A few Frenchmen got off a quick shot in response to whirling around at the first shouts, sounds of rushing feet and the clatter of equipment; in the smoke from them followed a flurry of clashing muskets and screams as some went down fighting - then the grunting and gasps as the bayonets of the Spanish did their terrible work. The faithful lieutenant was killed here by three soldiers thrusting at him nervously with their bayoneted muskets, his sword in his hand; four Frenchmen escaped the slaughter - one of them was Robert, who stabbed one Spaniard and smacked his musket butt into the face of another who stepped over the body of the first - the survivors ran towards the depot chased by the howling Spaniards. Robert slammed the door in their faces and throwing down his musket, dropped the heavy bar across then leapt aside as the musket balls came smashing through, splintering the heavy wooden panels and leaving large jagged-edged holes, killing one of the Frenchmen who leaned against the wall with a heaving chest trying to draw breath into his aching lungs. Robert picked up his musket, turned around and found himself completely alone in the dim light of the depot.
No one can stand for long against odds of twenty to one; the rearguard held off three times even that.

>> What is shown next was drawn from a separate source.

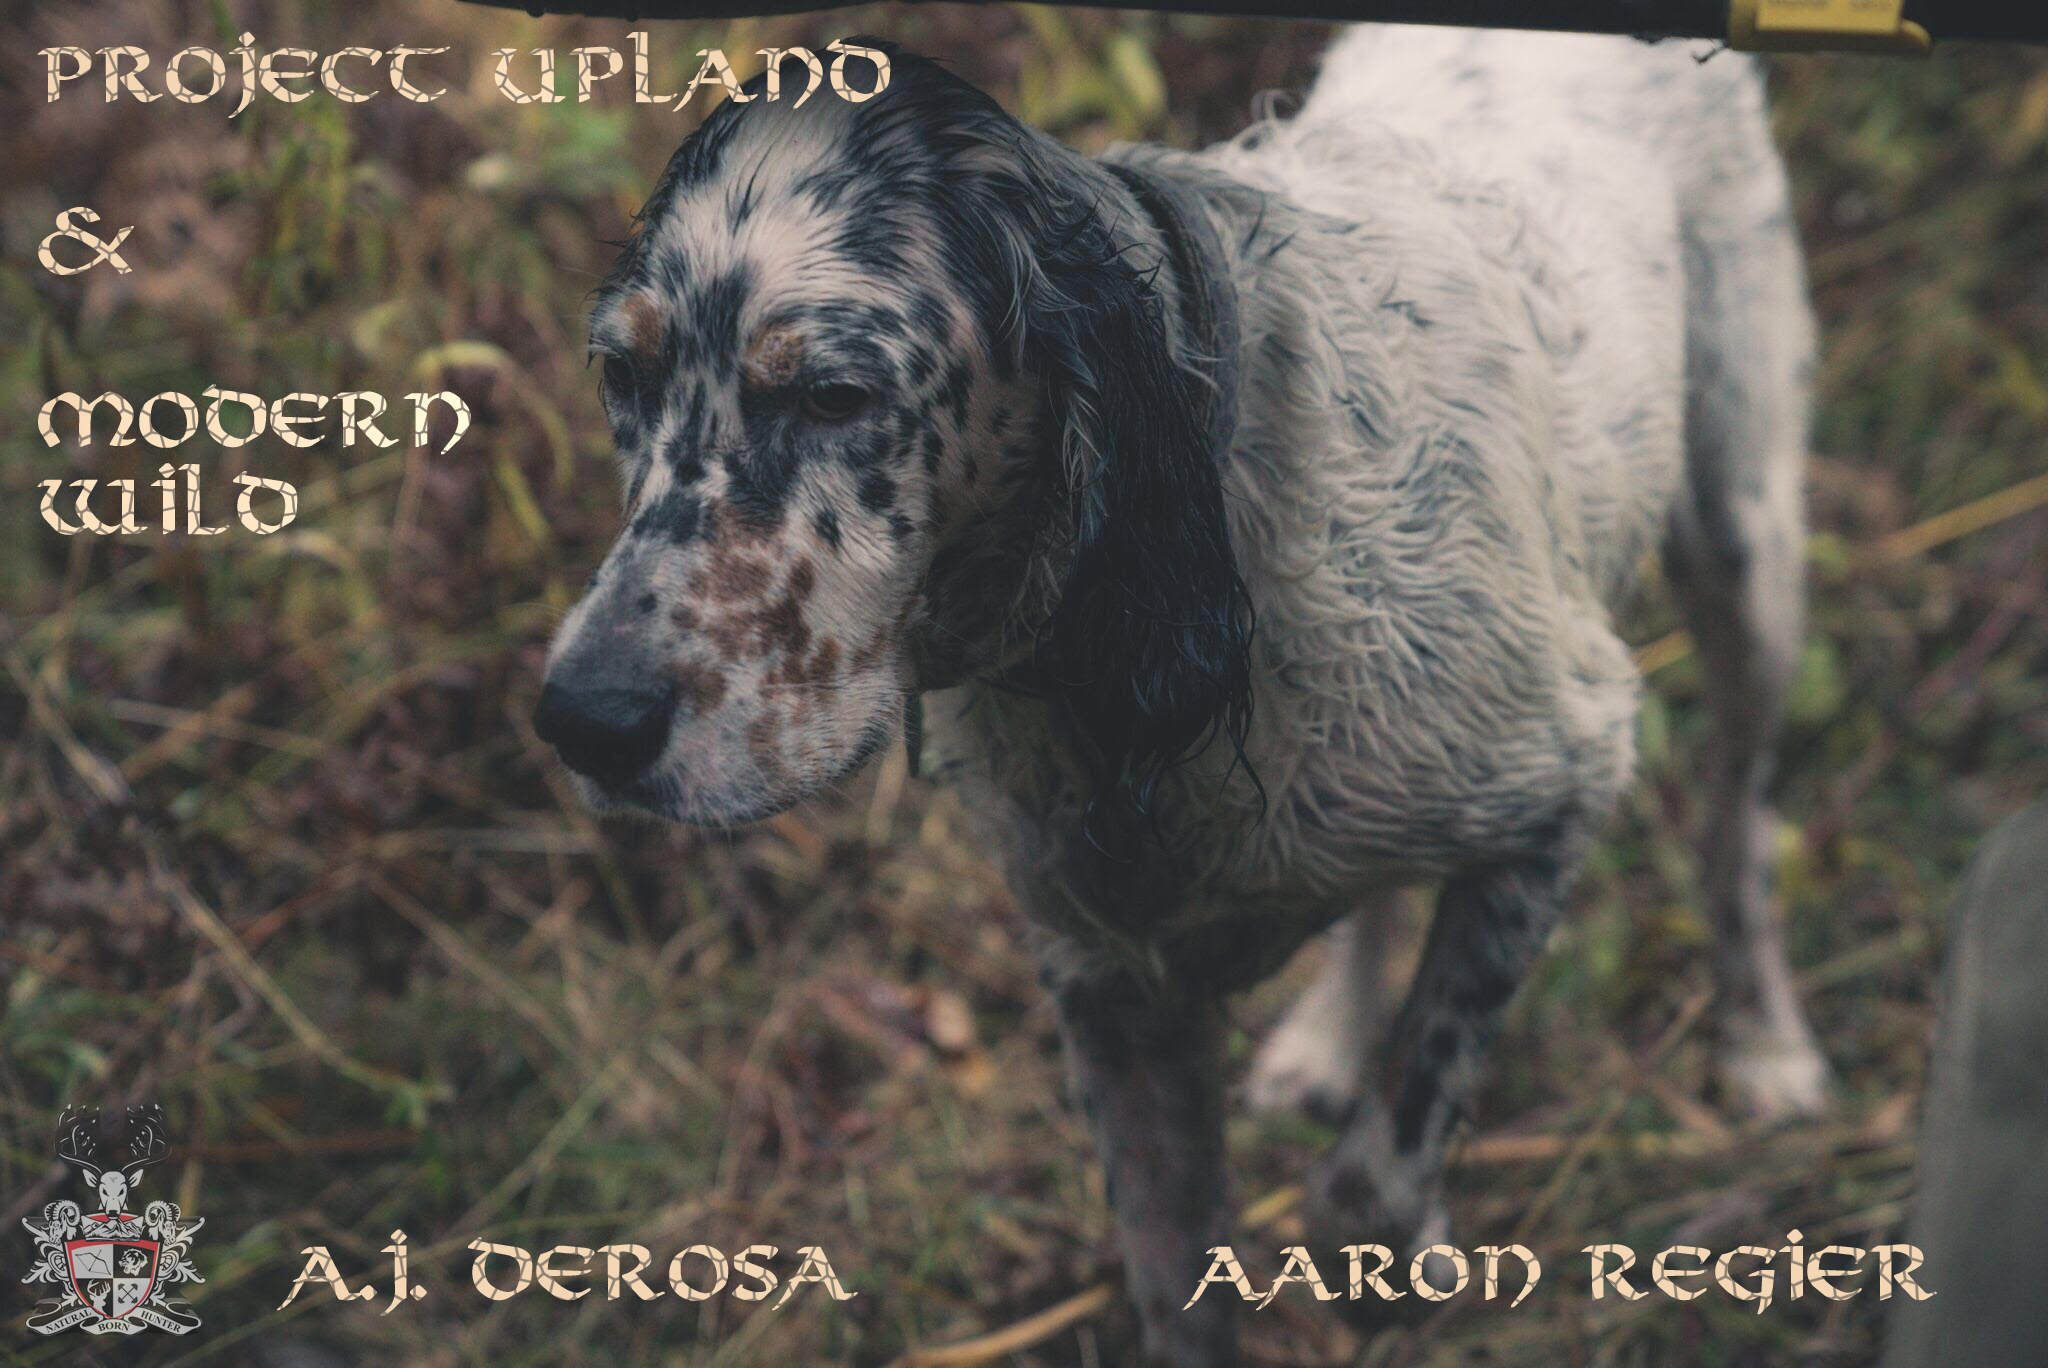 Aaron Regier of Modern Wild and A.J. DeRosa of Project Upland - Natural Born Hunter Podcast

Bullets flew thick and fast at the French behind their walls, but some found targets and there were now many French soldiers stretched out against the back walls, dead or badly wounded. Each 'walking' wounded man was left to make his way back towards the village centre - no one could be spared to help them. Some of the lightly wounded stayed on and loaded muskets and passed them to soldiers at doors and windows.
Some men, under the relentless pressure, stripped the dead of remaining ammunition as they backed out of the houses and started a deadly house-to-house retreat towards the square.